▶ _PROBLEM TO WORK ON_
Only one stretch of the listing below is wanted. Begin at the line that has "Audi Kalender 2021 - Cover", stop after the line that has "Beautiful Asian tiger, fire", and repeat every line in between exactly.

▶ _SOURCE RECORDS_
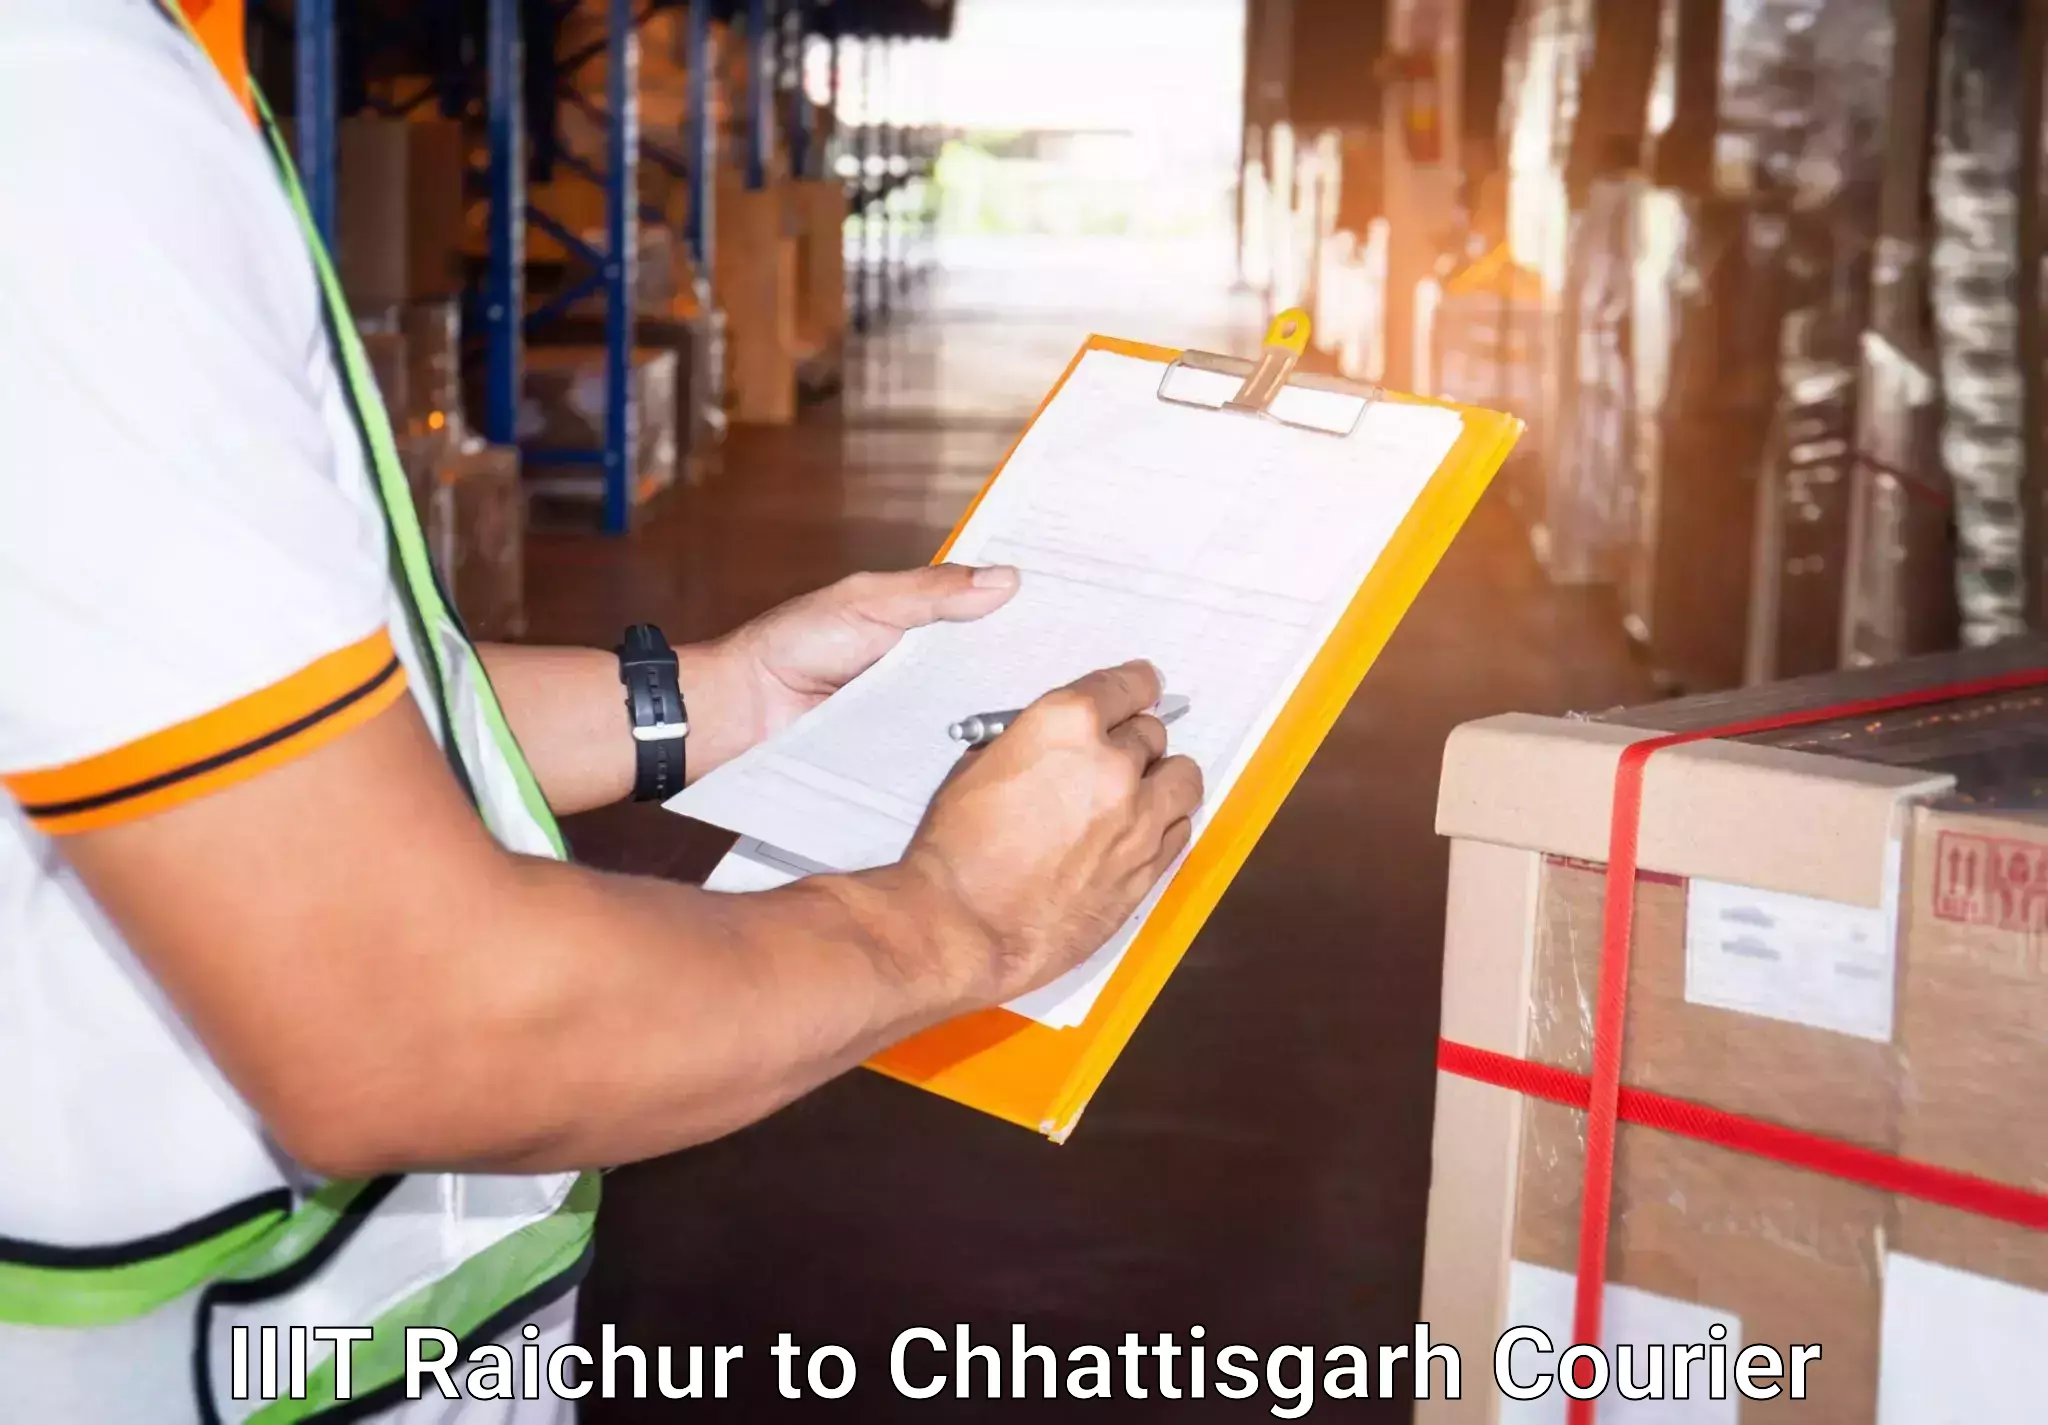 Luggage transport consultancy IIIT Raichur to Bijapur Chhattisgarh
* * *
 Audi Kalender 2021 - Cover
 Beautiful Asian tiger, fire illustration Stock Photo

▶ _REPLY_
 Audi Kalender 2021 - Cover
 Beautiful Asian tiger, fire illustration Stock Photo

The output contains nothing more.